■ **What you have to do**
Would you output the lines from the one with "Anglepoise Original 1227" through the last line of the material below, exactly, but without pictures?

*** Provided data Section Begins ***

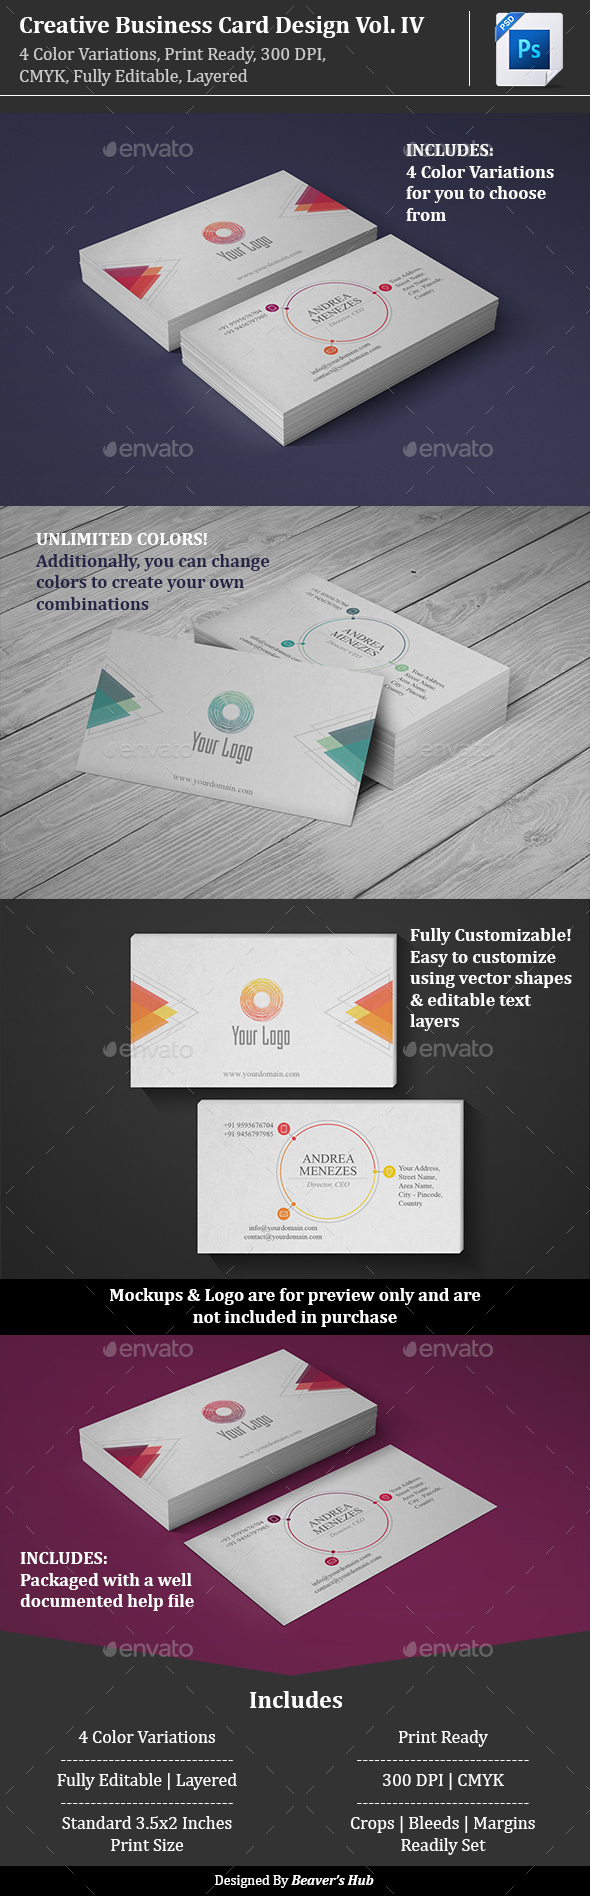 Creative Business Card Design Vol. 4 - Creative Business Cards
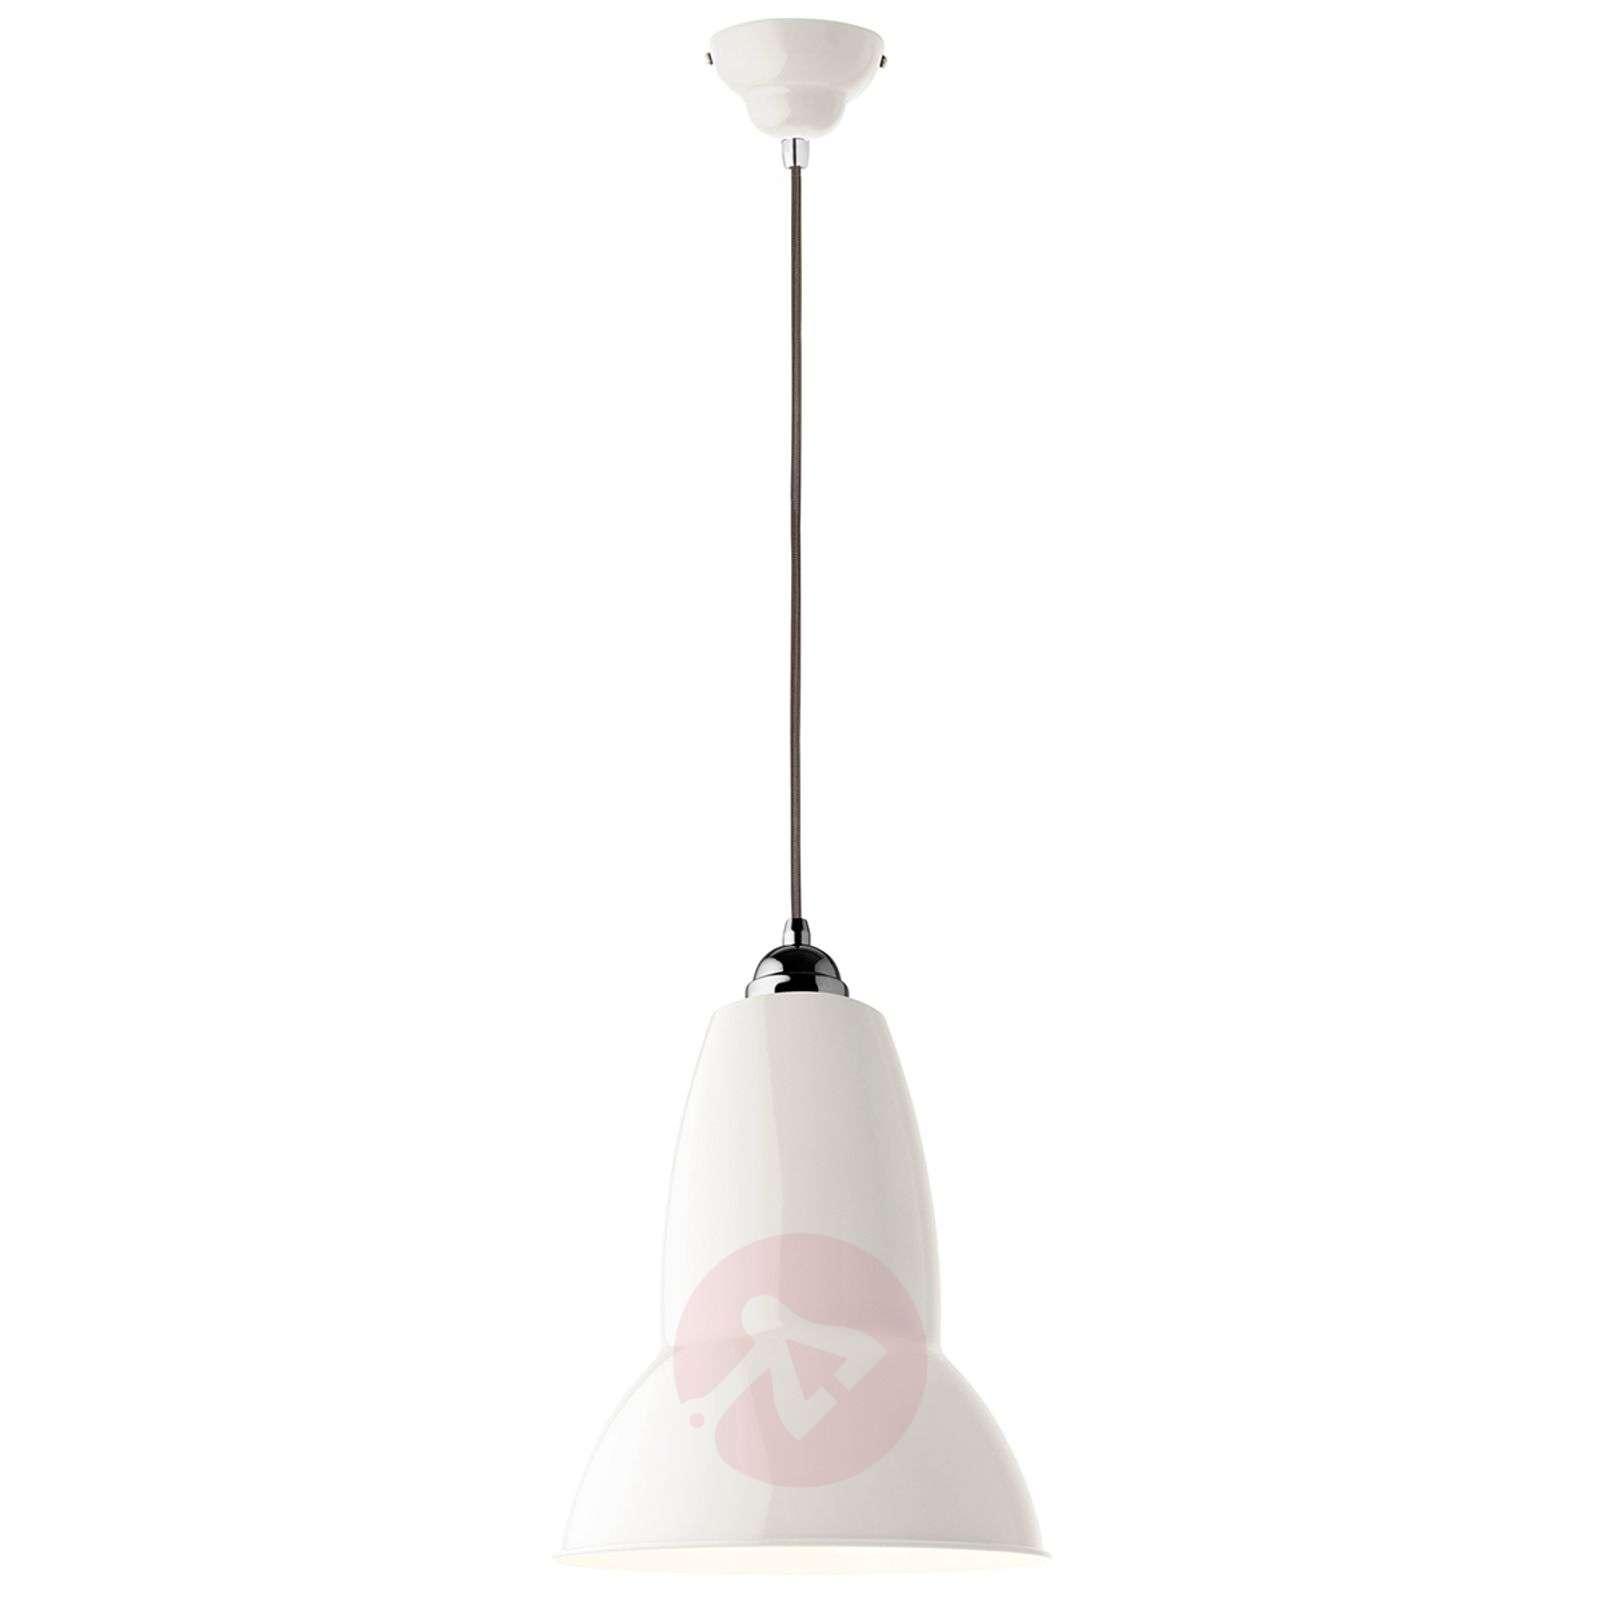 Anglepoise Original 1227 Maxi pendant lamp-1073084X-01
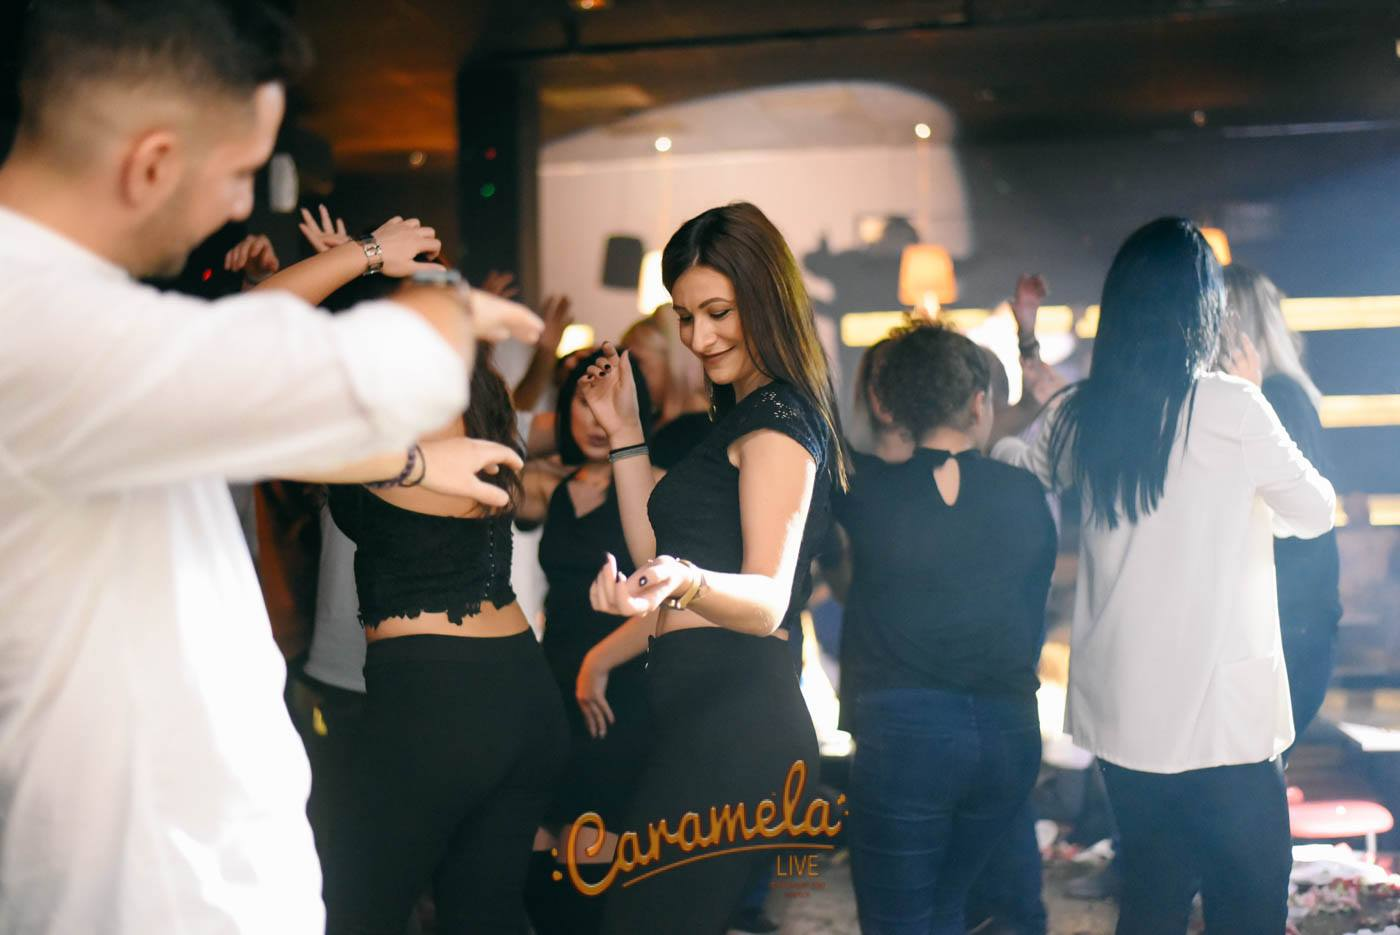 c2 2 - Ότι καλύτερο είδαμε στο Caramela Live! (Σάββατο 4 Νοεμβρίου)

*** Provided data Section Ends ***

■ **Task answer**
 Anglepoise Original 1227 Maxi pendant lamp-1073084X-01
 c2 2 - Ότι καλύτερο είδαμε στο Caramela Live! (Σάββατο 4 Νοεμβρίου)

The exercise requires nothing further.